As researchers learn more about the role of the gut bacteria in modulating human health and disease, a major question is how broadly these conclusions can be applied among global populations with very different gut microbiomes. Importantly, many world regions are underrepresented in microbiome literature, which is dominated by high-income countries such as the United States. However, in the highly complex environment of the human gut, understanding the impact of these imbalances can be challenging without access to very large sample sizes.
A new study by researchers in the laboratory of Ran Blekhman, PhD, at the University of Chicago and the University of Minnesota delivers an innovative approach to this problem. In a study published on January 22, 2025, in Cell, they present the largest publicly available dataset of its kind, the Human Microbiome Compendium. This initiative worked by uniformly processing more than 160,000 gut microbiome samples from 68 nations – the first time this type of data has been processed at this scale.

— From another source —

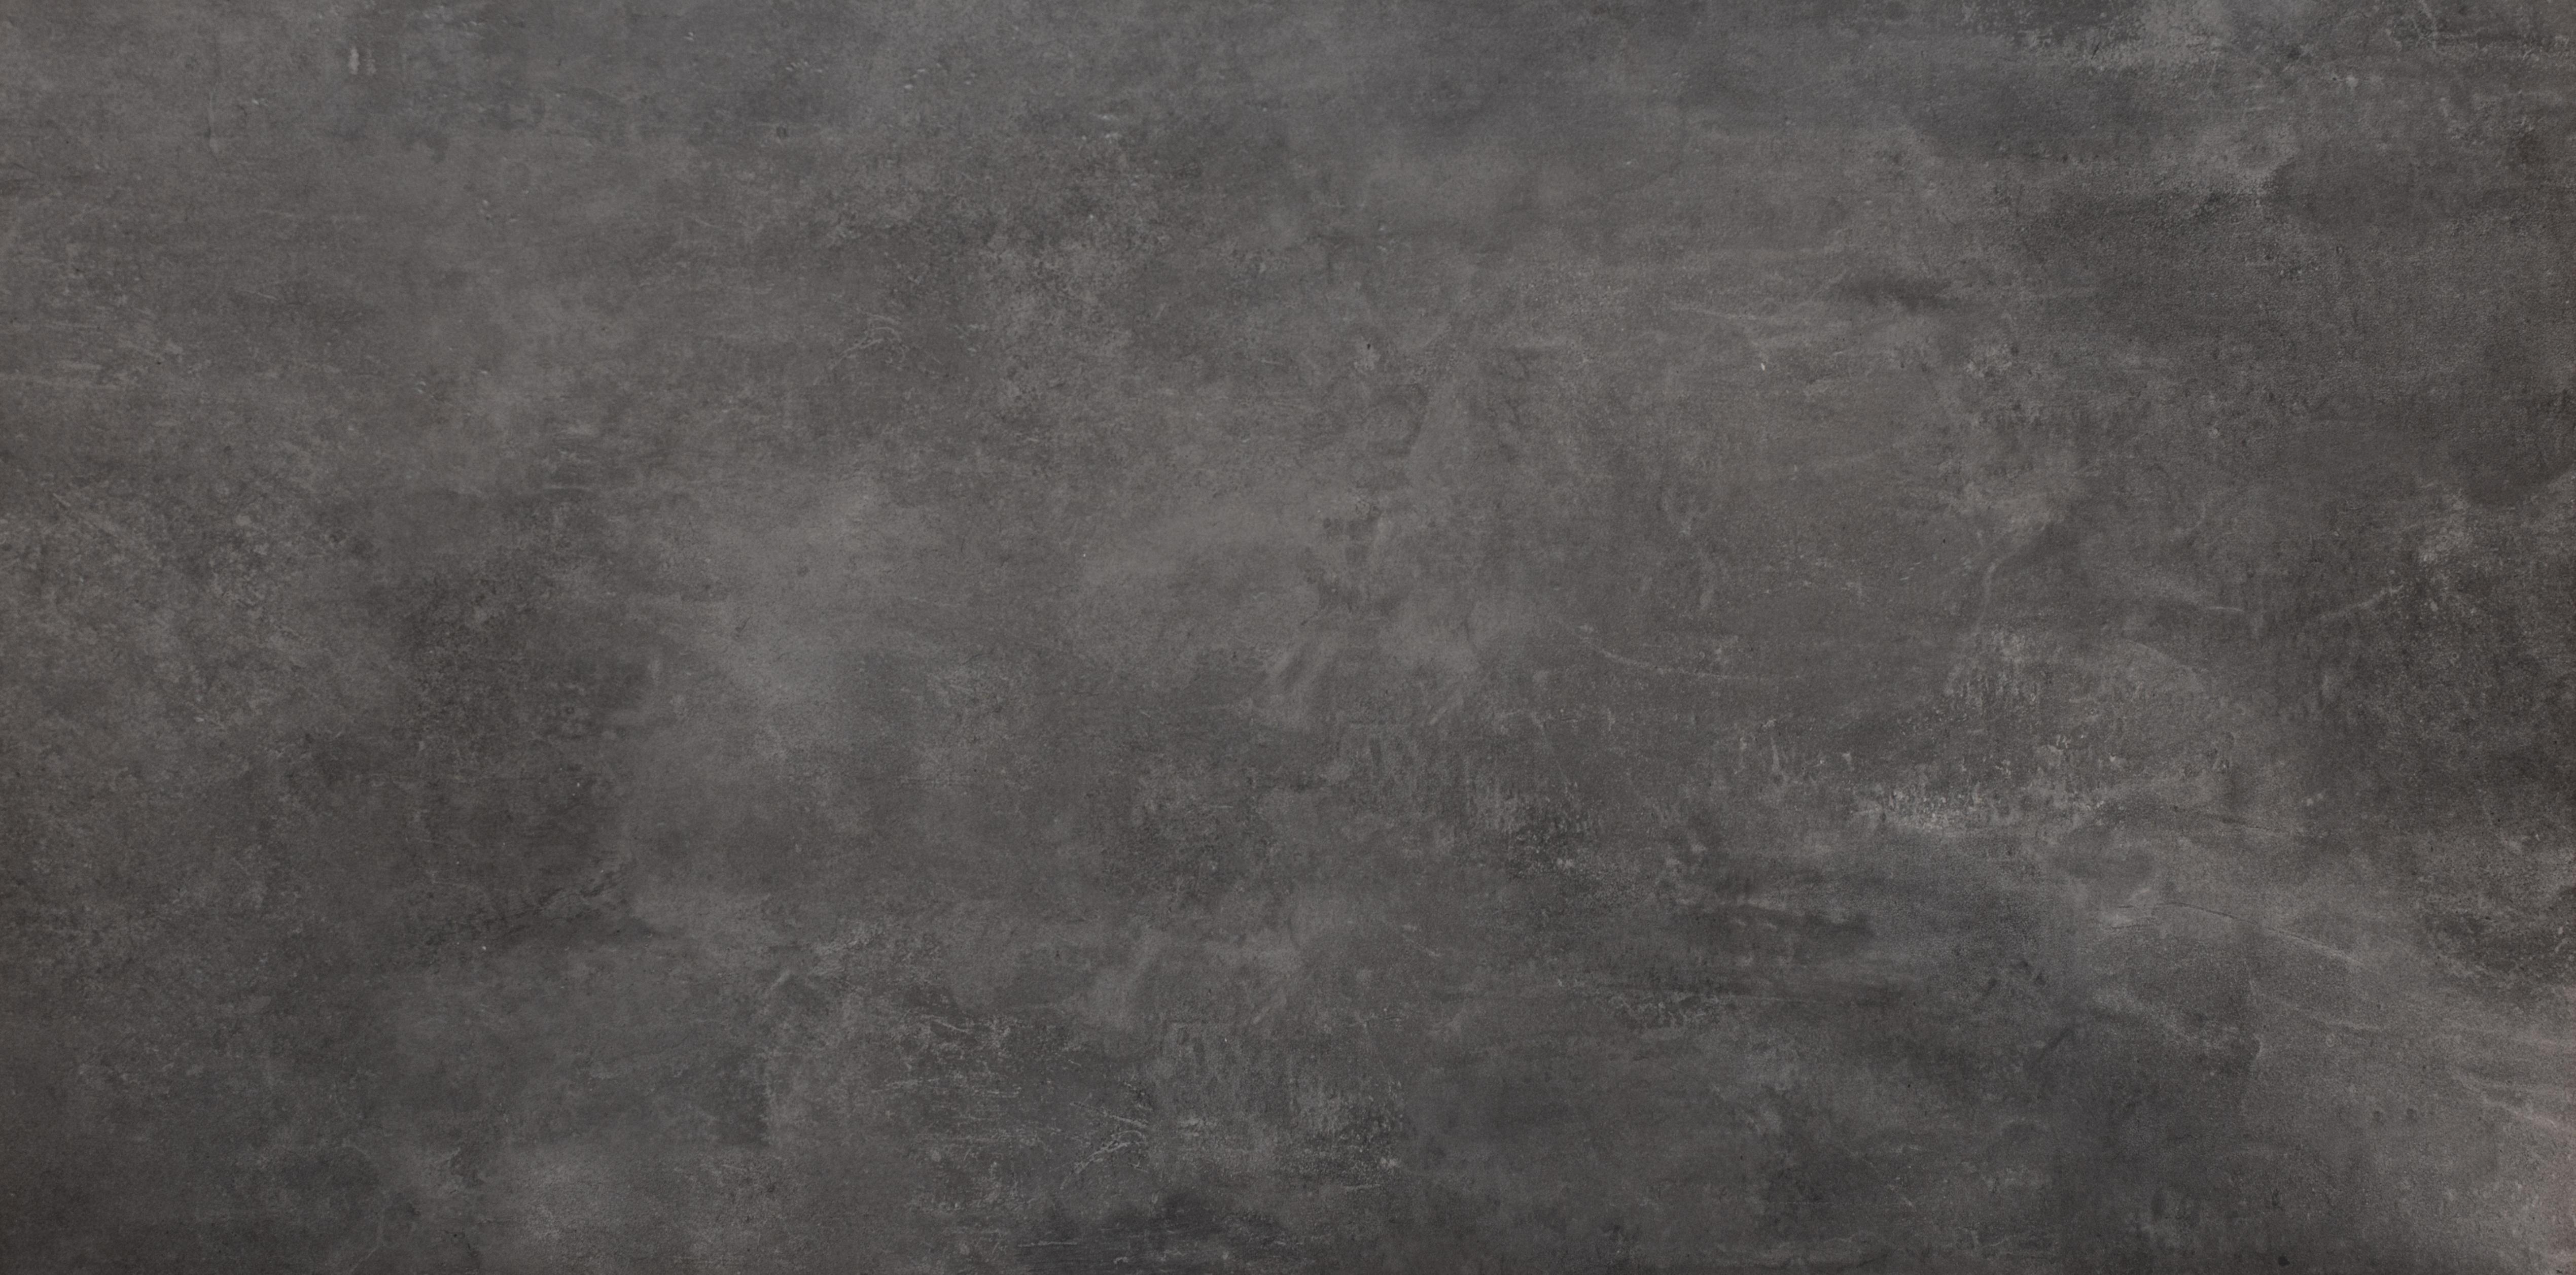 bodenfliese titan anthrazit matt 60x120 cm feinsteinzeug. Black Bedroom Furniture Sets. Home Design Ideas

“The purpose of our dataset is to take already available studies of different microbiomes from all around the world, from people who are young and old and sick and healthy, and integrate them into one uniform data set”, said co-lead author Samantha Graham, a graduate student at the University of Minnesota. “The utility is that we’re able to find patterns that we wouldn't have been able to find previously.”
16S amplicon sequencing – a method of identifying microorganisms based on a region of their genomes – has long been a mainstay of microbiology due to its ease of use and low cost. While the baseline steps of 16S sequencing and analysis are similar study-to-study, every lab collects and processes its data differently, making it difficult to combine results from multiple projects.
In the new study, instead of relying on summary tables from disparate papers, researchers took on the daunting task of re-processing the raw data from 168,464 samples identically.
On the surface, this may seem like a straightforward, if not time-consuming process of revisiting hundreds of individual projects. But in practice, the researchers found that some of the most challenging technical issues stemmed from choices made by the study authors.
“Every researcher provides their sample data in their own way. Sometimes it's completely absent. Sometimes it's very, very thorough. But most of the time, it’s in very different formats,” said study author Richard Abdill, PhD, the lab manager for Blekhman’s group.
Once the team was able to organize this massive amount of data, the power afforded by such a high sample count allowed them to ask new questions.
Some world regions, such as the United States, have been sampled so extensively that repeated sampling brings few surprises. Other world regions, such as Northern Africa and Western Asia, have had very few studies with publicly available data. The researchers demonstrated how adding just a few samples uncovers much more information about the identity and abundance of microorganisms in these regions, a phenomenon termed the discovery rate.
“From a dollars and cents perspective, you’re going to learn more if you look at microbiomes that haven't been studied as extensively,” said Graham.
Further, the authors identified potential issues in generalizing microbiome patterns to other populations. For example, the proportions of the microbes Bacteroides, Bifidobacterium and Prevotella have well-studied roles in conditions such as obesity and inflammatory bowel disease. However, the researchers showed how many of these organisms have very different patterns of abundance in world regions outside of Europe and North America, calling into question the applicability of findings from Western-centric studies to global populations.
The researchers hope that the Human Microbiome Compendium serves as a resource to others. They noted how such a large sample size would benefit machine learning applications tuned to pick up complex patterns relevant for human health and disease.
They also hope their findings provide perspective for global microbiome research.
“While the larger problem of lopsided representation still exists, we were really excited to be able to quantify the extent of that issue. To try to understand what the implications might be. We have made a big step in that direction,” said Abdill.
This work is supported by NIH grant R01LM013863.